As professional programmers (or aspiring beginners) we are expected by nearly everyone in our professional lives to be knowledgeable and savvy of not only today's standards but those emerging on the horizon. Clients expect not only scalable, cost-effective and user-friendly interfaces but also a site that will function on tomorrow's browsers and be scalable with regards to emerging technologies and the standards dictated by the issuing authority designed to make those technologies function.

Making use of PHP's ability to be ambiguous when it comes to HTML design is the first step toward achieving this goal of scalability. Commonly-used mark-up is wrapped in nice user-defined functions or defined in constants or variables. The goal being a template able to conform dynamically to any user agent or be updated to fit any emerging standard future and past. This is especially vital in a large project in which updating thousands of pages to conform to a new standard would be costly in terms of both time and money and not to mention the programmer's sanity.

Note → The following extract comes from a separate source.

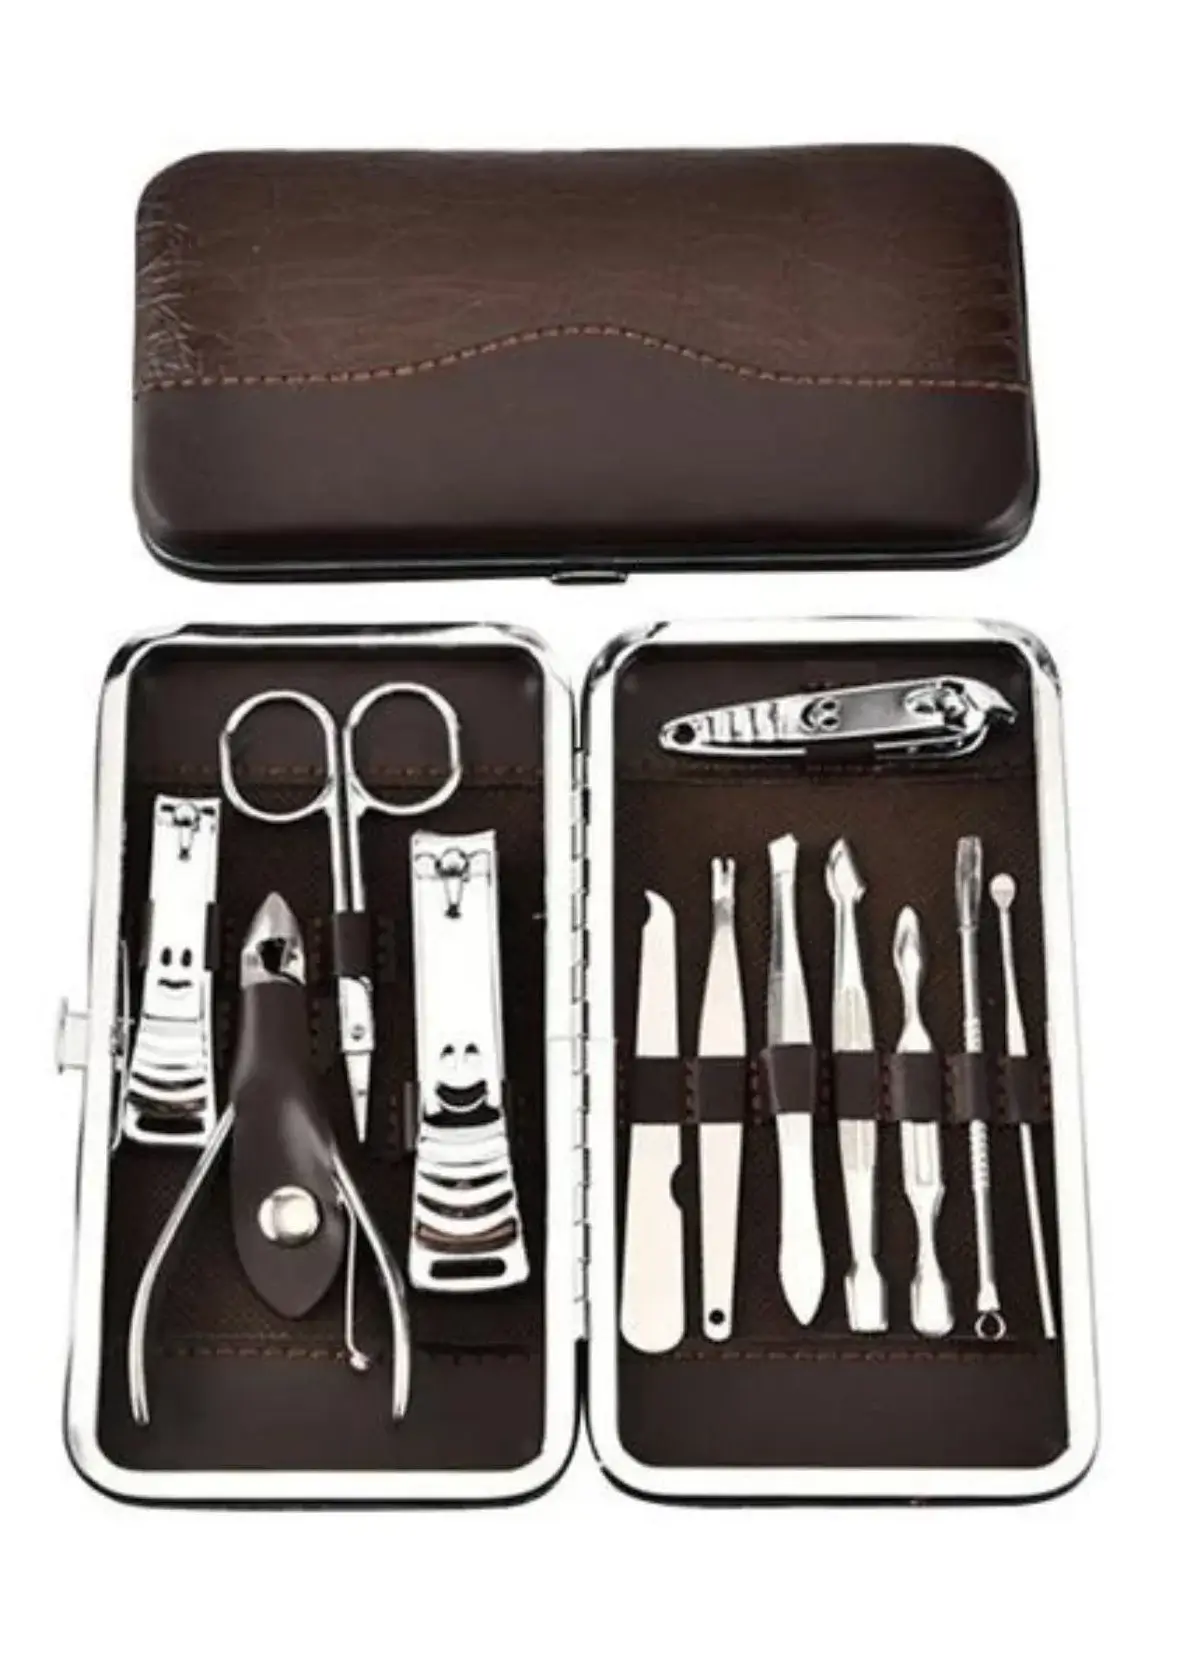 How to choose the best manicure set?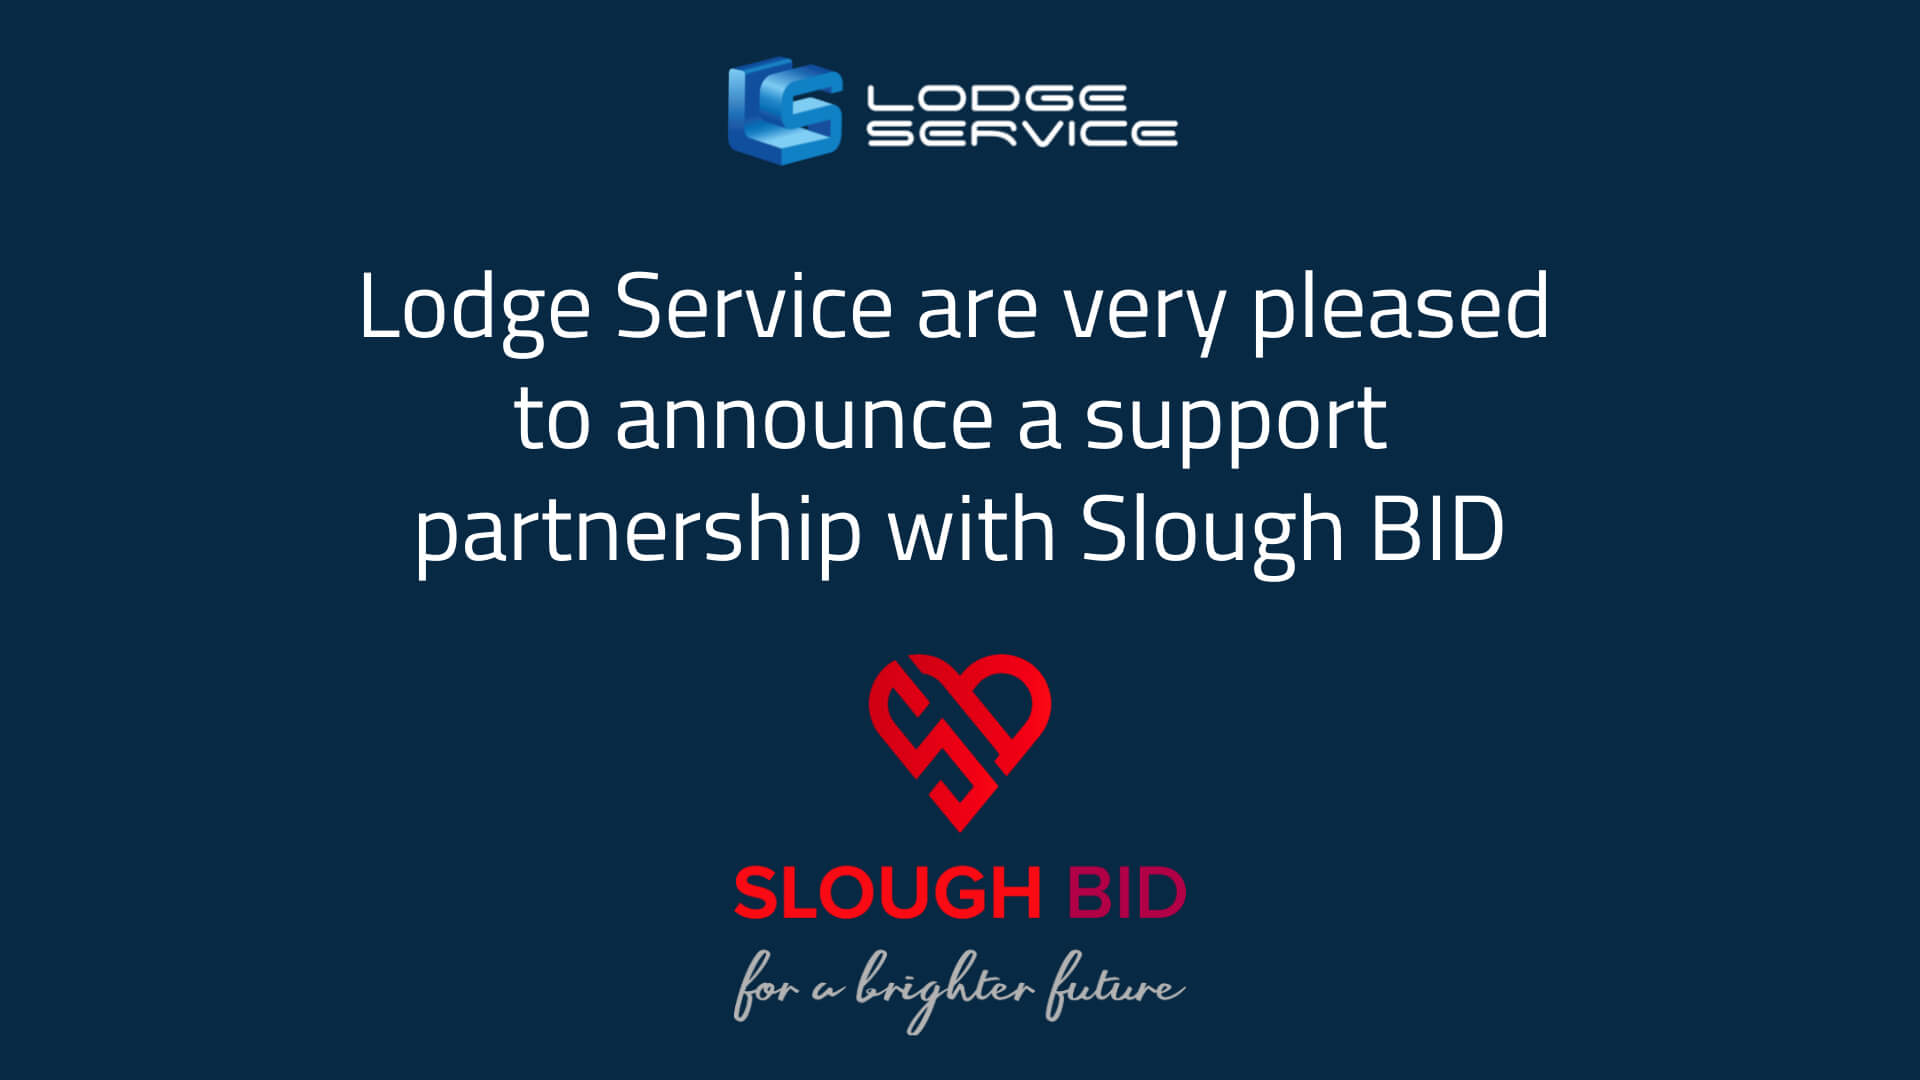 Lodge Service are very pleased to announce a support partnership with Slough BID

It is also especially vital to pick up on HTML standards early on. In earlier versions of HTML mark-up was designed very loosely with regards to case-insensitive tags, optional quoting of attribute values, single-tagged objects. But the latest and future versions are challenging this inherent looseness more and more. Things like XML and XHTML won't function on this loose-lipped syntax. Even though HTML is not really a language but a method of describing how a page looks it is closely tied to the world of real-language programming, delimiting a value with quotes now not only makes sense in programming terms but also allows HTML to fit in more with its cousins, PHP, ASP, JavaScript... etc.

The HTML authority:

Like PHP there is a group of people assembled to discuss, plan and create what HTML standards are. The difference between PHP and HTML (besides the obvious) is this group of people does not excerpt complete control over the language, but merely makes recommendations as to how it should be designed, implemented and utilized to the gigantic companies and their proprietary technologies that make use of it. The first stop for any html/css-related question should be the W3C (World Wide Web Consortium) website.

http://www.w3c.org/

http://www.w3c.org/MarkUp/

Good practice, how to write standards compliant HTML:

Document Type Declaration:

First there is the Doctype setting. It is a single statement issued at the beginning of an HTML document before the opening HTML tag. It dictates to the browser what method of 'looseness' to allow in the proceeding HTML code. This is new to HTML and should accompany any well-formed HTML document. Different settings do different things. The strict setting does not allow the use of deprecated tags (

, <font>, etc), it corrects many of the inconsistencies between the different browsers with regards to how positioning and size are rendered. Albeit there are still minor (and very annoying) inconsistencies but the setting does help.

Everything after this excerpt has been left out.